7. The auxiliary power supply circuit as claimed in claim 6, wherein the BAT side driving module comprises a controllable MOS transistor Q1, a triode Q3 and a triode Q4; the BUS side driving module comprises a controllable MOS tube Q2, a triode Q5 and a triode Q6;

the head end of the winding N1 is connected with the BAT side auxiliary source, the tail end of the winding N1 is connected with the controllable MOS tube Q1, and then is connected with the BAT side auxiliary source and the triode Q4 respectively through the triode Q3; the winding N3 is connected with the BUS side auxiliary source; the head end of the winding N4 is connected with the BUS side auxiliary source, the tail end of the winding N4 is connected with the controllable MOS tube Q2, and then is connected with the BUS side auxiliary source and the triode Q6 respectively through the triode Q5; the winding N2 is connected with the BAT side auxiliary source;

if the BAT side MCU is included, the BUS side driving module further comprises a triode Q7; the triode Q6 is connected with the BAT side MCU through the triode Q7; the triode Q4 is connected with the BAT side MCU;

if the BUS side MCU is included, the BAT side driving module further comprises a triode Q7; the triode Q4 is connected with the BUS side MCU through the triode Q7; and the triode Q6 is connected with the BUS side MCU.

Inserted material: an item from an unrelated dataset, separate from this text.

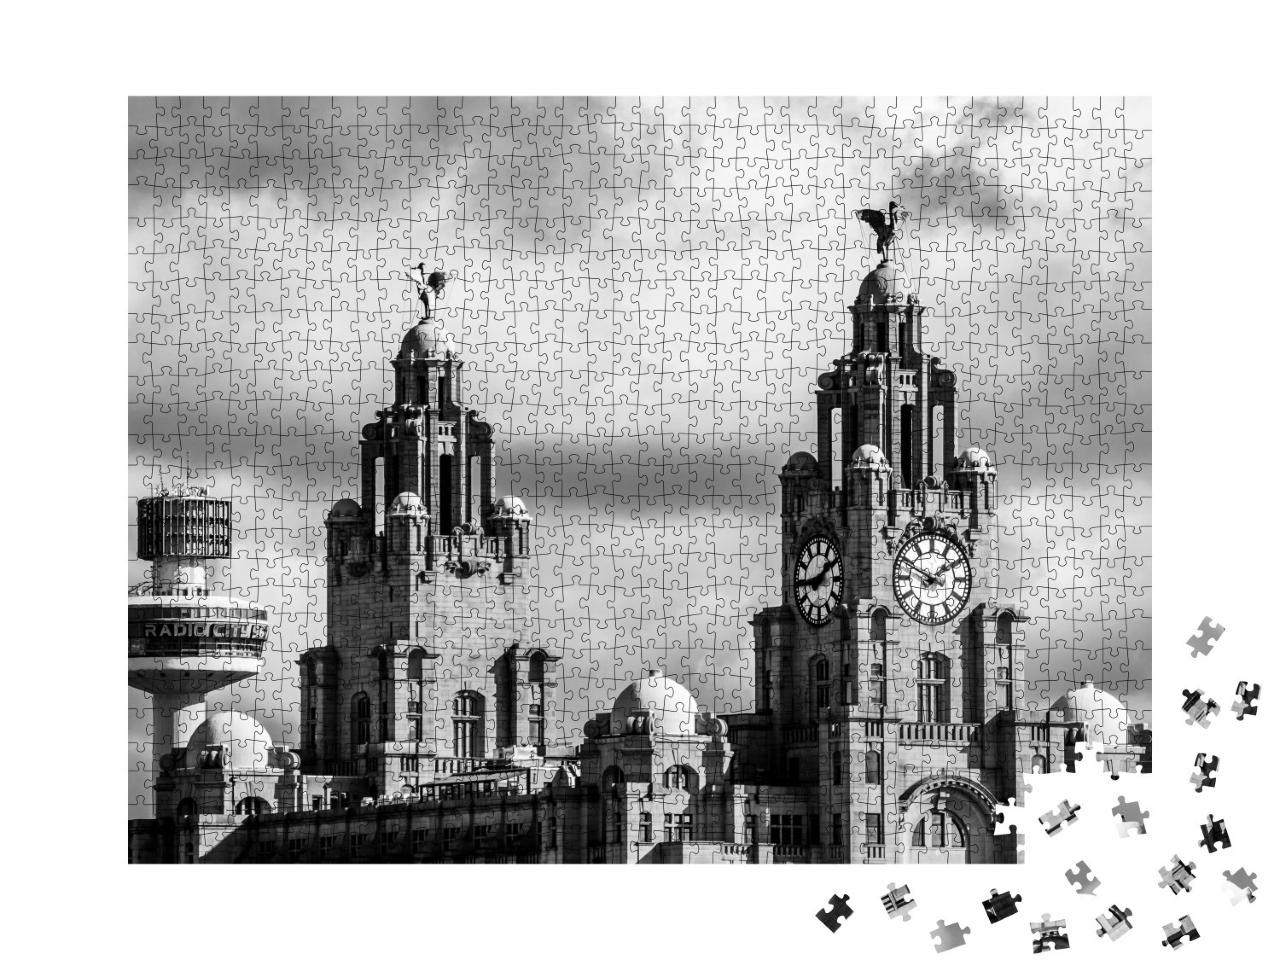 Puzzle de 1000 pièces « Vue sur le Royal Liver Building à Liverpool »

8. The auxiliary power supply circuit of claim 6, further comprising a BAT sampling module, a BAT driving module, a BUS sampling module, and a BUS driving module; the BAT sampling module and the BAT driving module are respectively connected with the BAT side auxiliary source; the BUS sampling module and the BUS driving module are respectively connected with the BUS side auxiliary source;

if the BAT side MCU is included, the BAT sampling module and the BAT driving module are respectively connected with the BAT side MCU; the BUS sampling module and the BUS driving module are respectively connected with the isolation chip;

if the BUS side MCU is included, the BUS sampling module and the BUS driving module are respectively connected with the BUS side MCU; and the BAT sampling module and the BAT driving module are respectively connected with the isolation chip.

9. An auxiliary power supply system for a bidirectional isolation converter, comprising an auxiliary power supply circuit for a bidirectional isolation converter as claimed in any one of claims 1 to 8.